Mas a razão pela qual ele subjoins não parece suficientemente válido, pois é uma comparação entre o menor eo maior: Se, diz ele, que o amor não os nossos irmãos a quem vemos, muito menos podemos amar Deus que é invisível. Agora, há, obviamente, duas excepções; para o amor que Deus tem para nós é de fé e não flui de vista, como encontramos em 1 Pedro 1: 81 Pedro 1: 8 ; e em segundo lugar, muito diferente é o amor de Deus a partir do amor dos homens; por enquanto Deus leva seu povo a amá-lo por sua infinita bondade, os homens são muitas vezes digno de ódio.
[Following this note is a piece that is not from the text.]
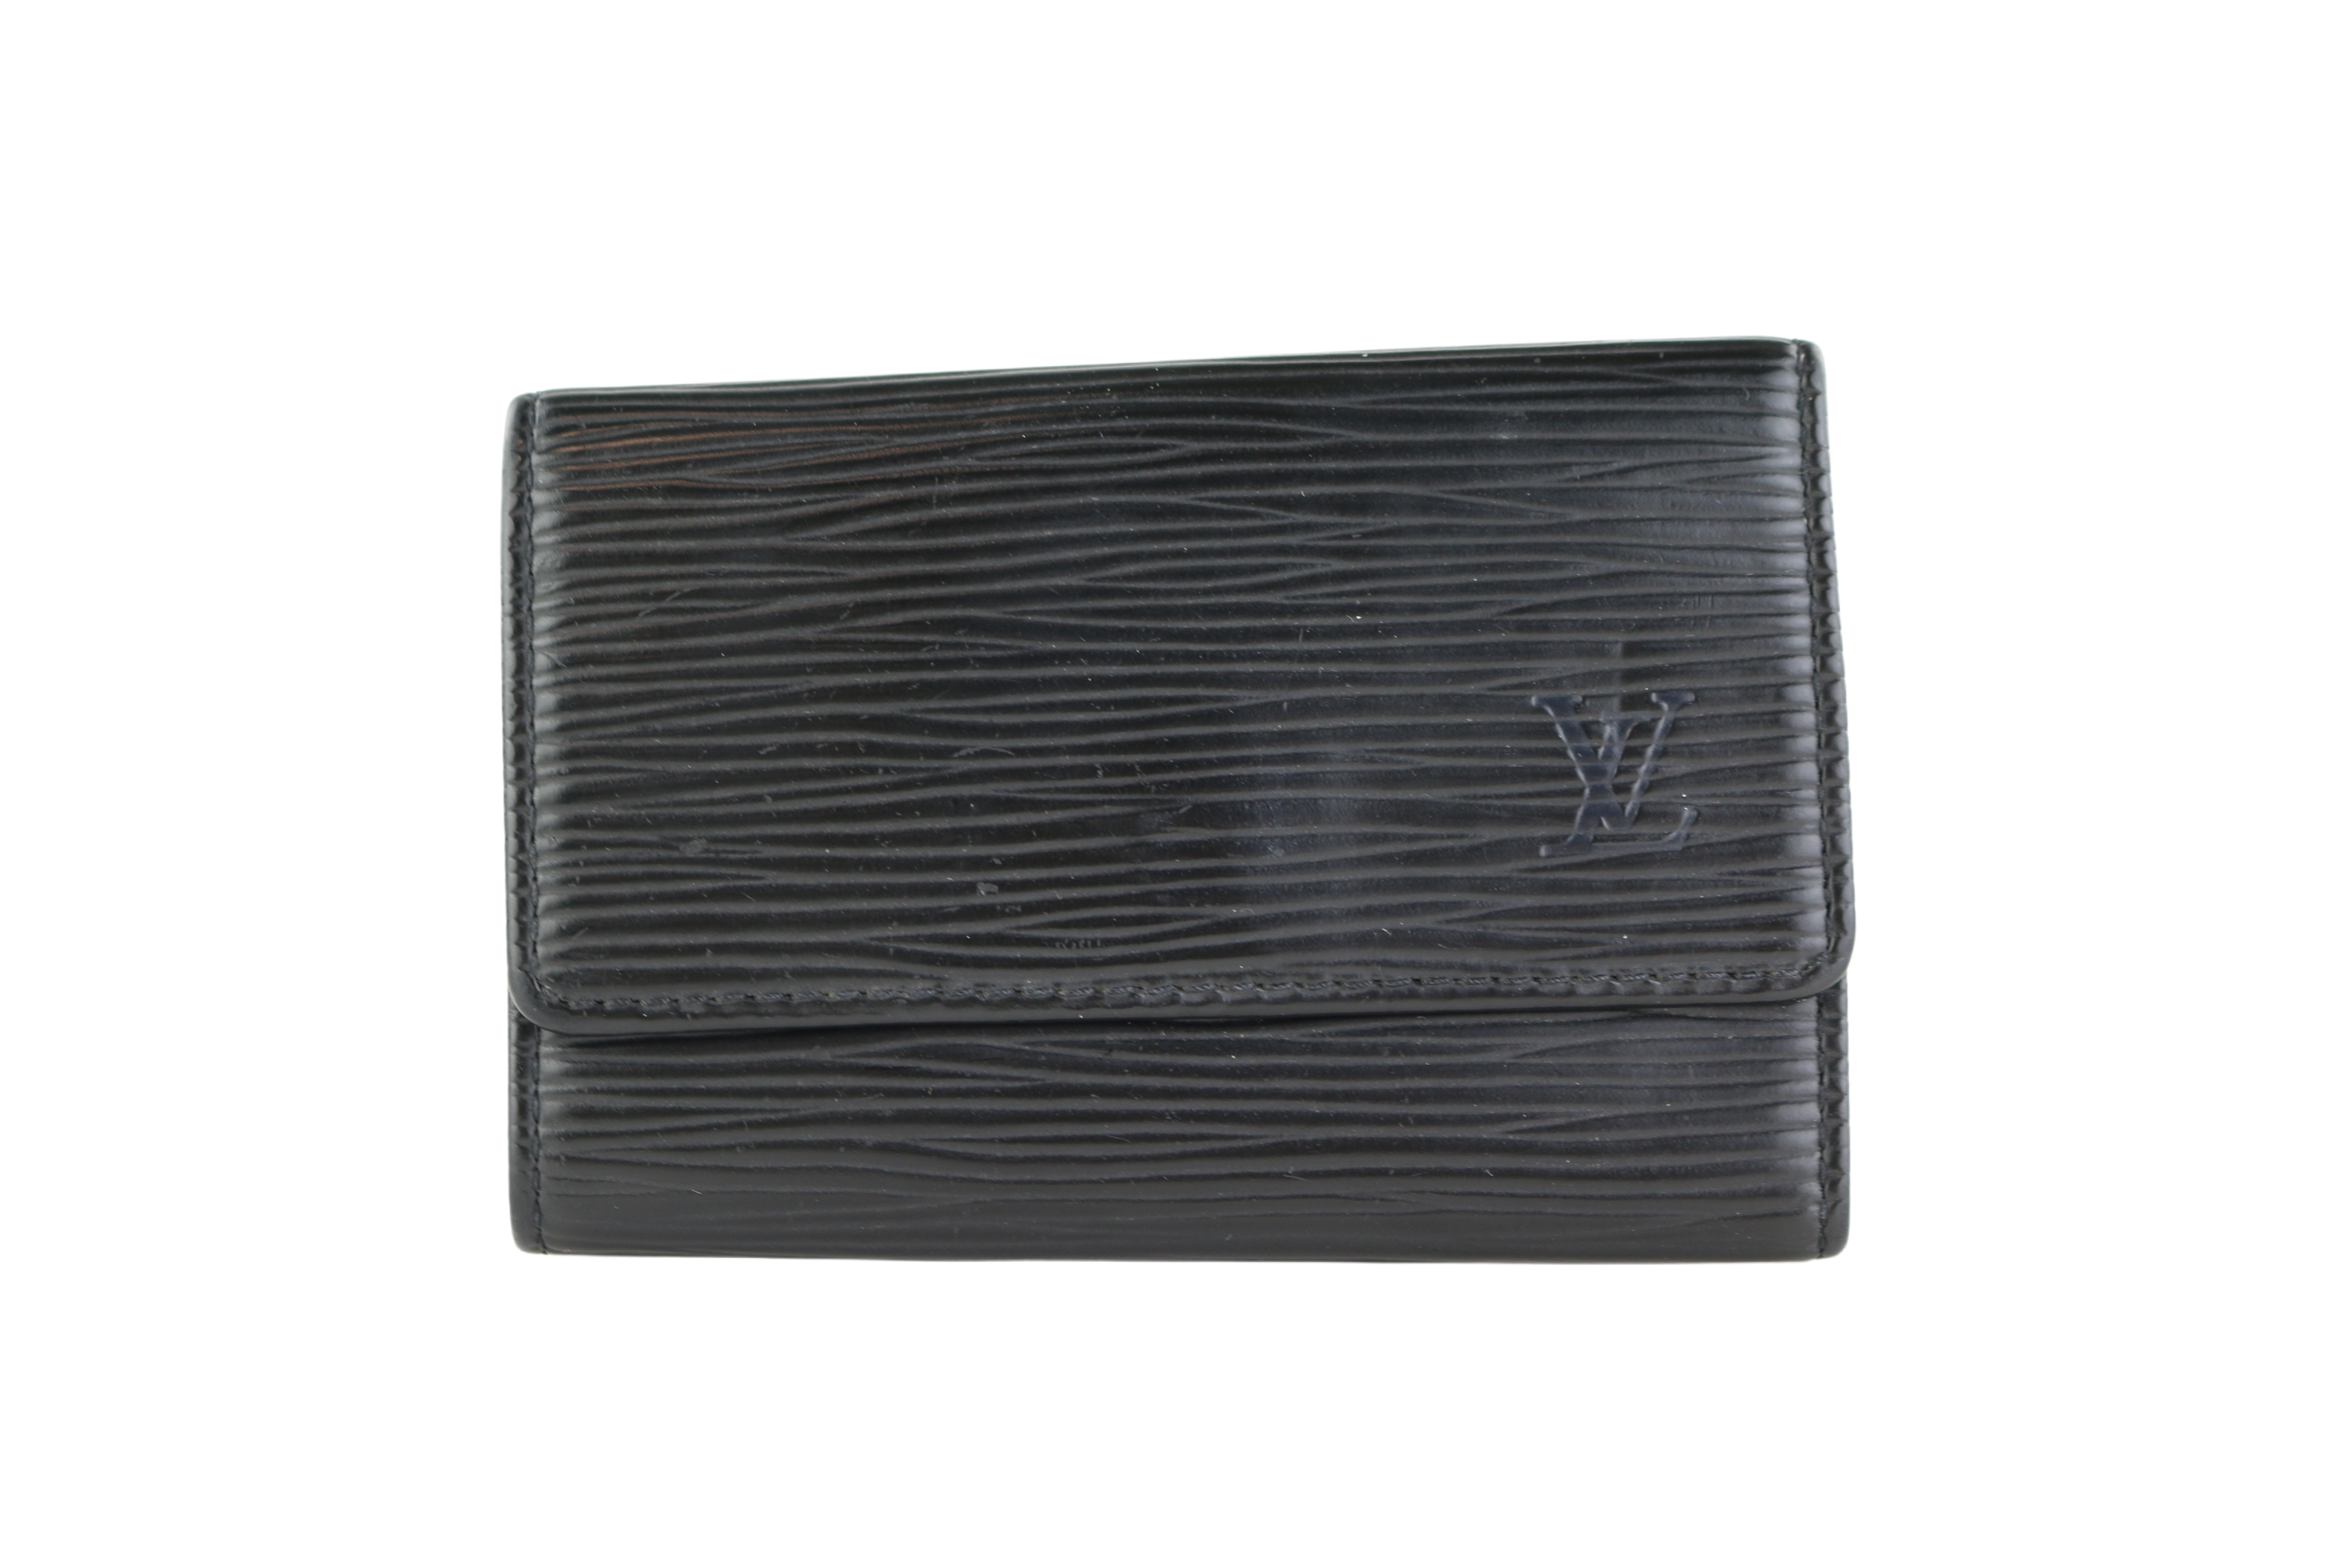 Louis Vuitton Black Epi Leather Key Chain Wallet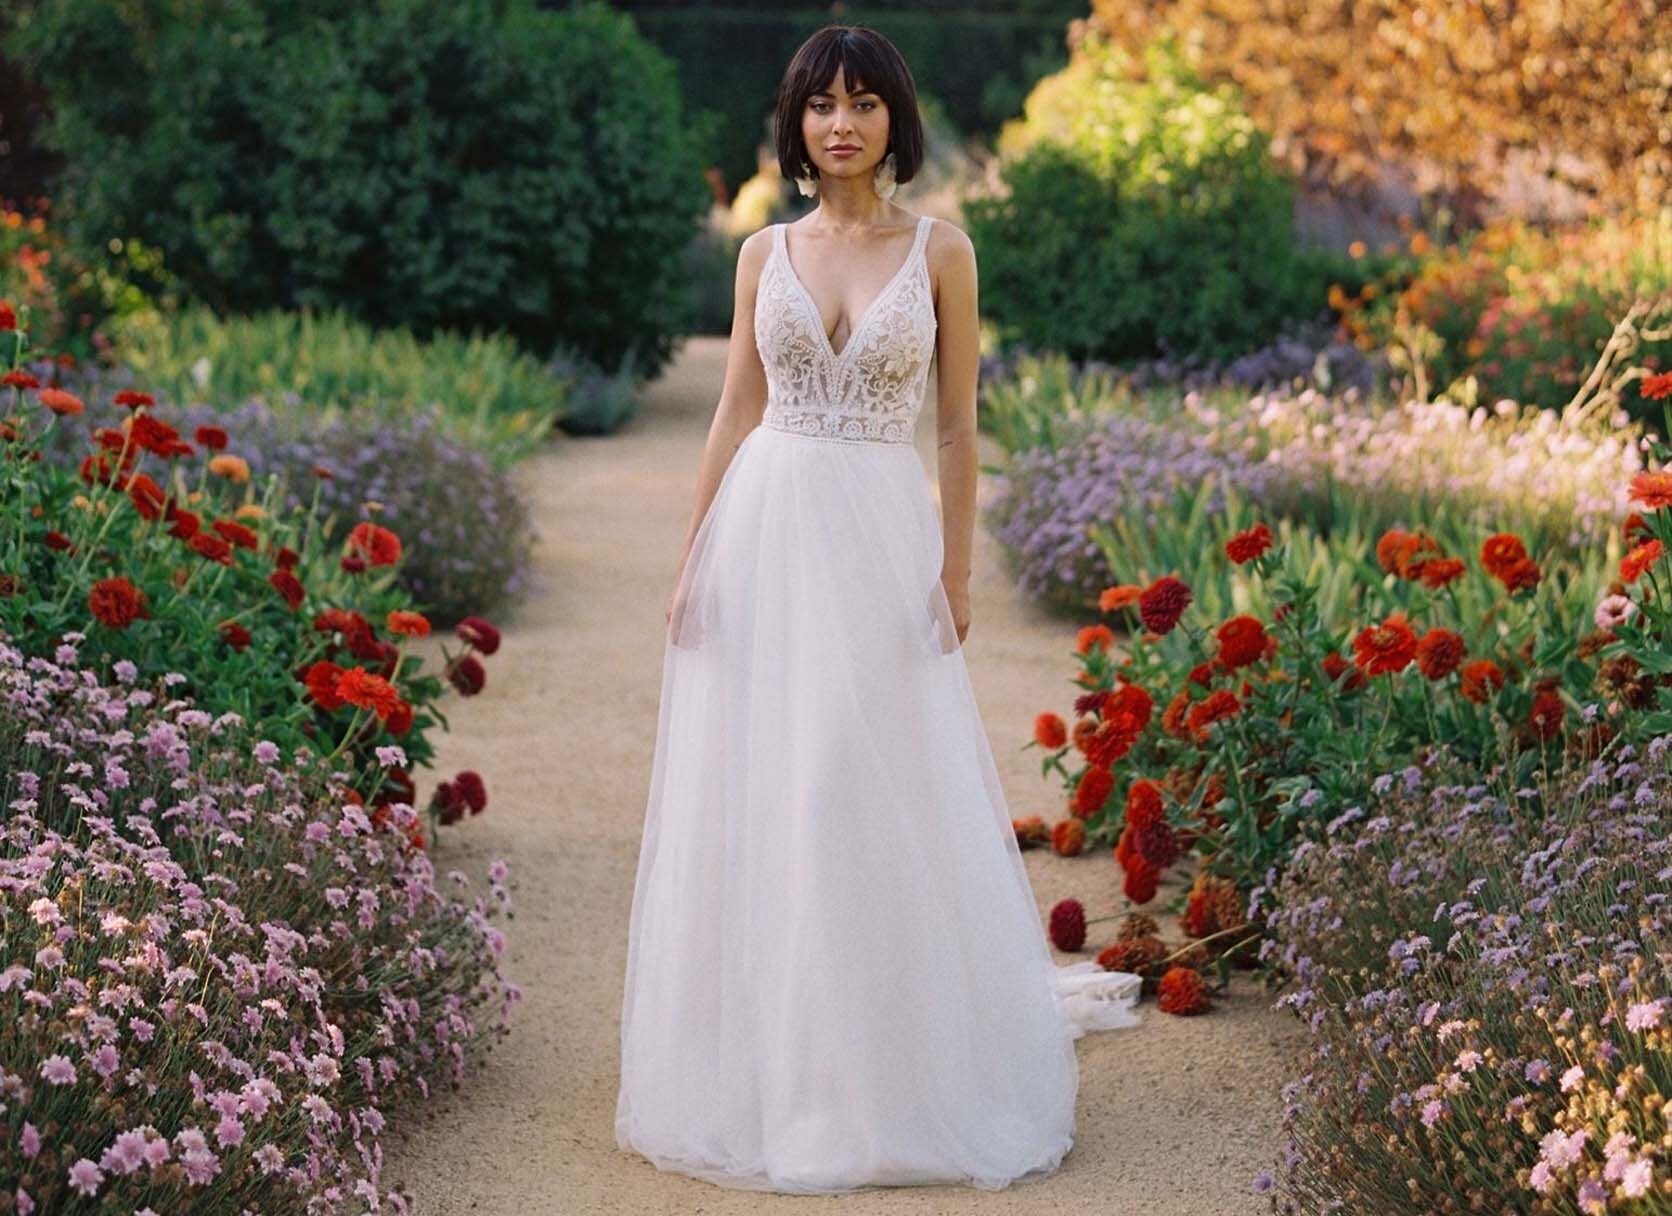 Model wearing a white Halter Style Wedding Dress

Para esta resposta I, que o apóstolo toma aqui como certo o que deveria, sem dúvida, para aparecer evidente para nós, que Deus oferece-se a nós naqueles homens que carregam a sua imagem, e que ele requer as funções, o que ele não quer a si mesmo, ser realizados para eles, de acordo com o Salmos 16: 2Salmo 16: 2 , onde lemos:

 

"Meu Deus atinge não a ti, ó Senhor,

para os santos que estão na terra é o meu amor."

 

E, certamente, a participação da mesma natureza, a necessidade de tantas coisas, e as relações mútuas, deve nos seduzir para o amor mútuo, com exceção; que são mais difíceis do que o ferro. Mas João quis dizer outra coisa: ele queria mostrar como falacioso é o orgulho de cada um que diz que ama a Deus, e ainda não ama a imagem de Deus, que está diante de seus olhos.

 

verso 21

21 E este mandamento Este é um argumento mais forte, elaborado a partir da autoridade e doutrina de Cristo; pois ele não só deu um mandamento respeitando o amor de Deus, mas nos pediu também a amar os nossos irmãos. Devemos, portanto, de modo começar com Deus, como que pode haver, ao mesmo tempo uma transição feita para os homens.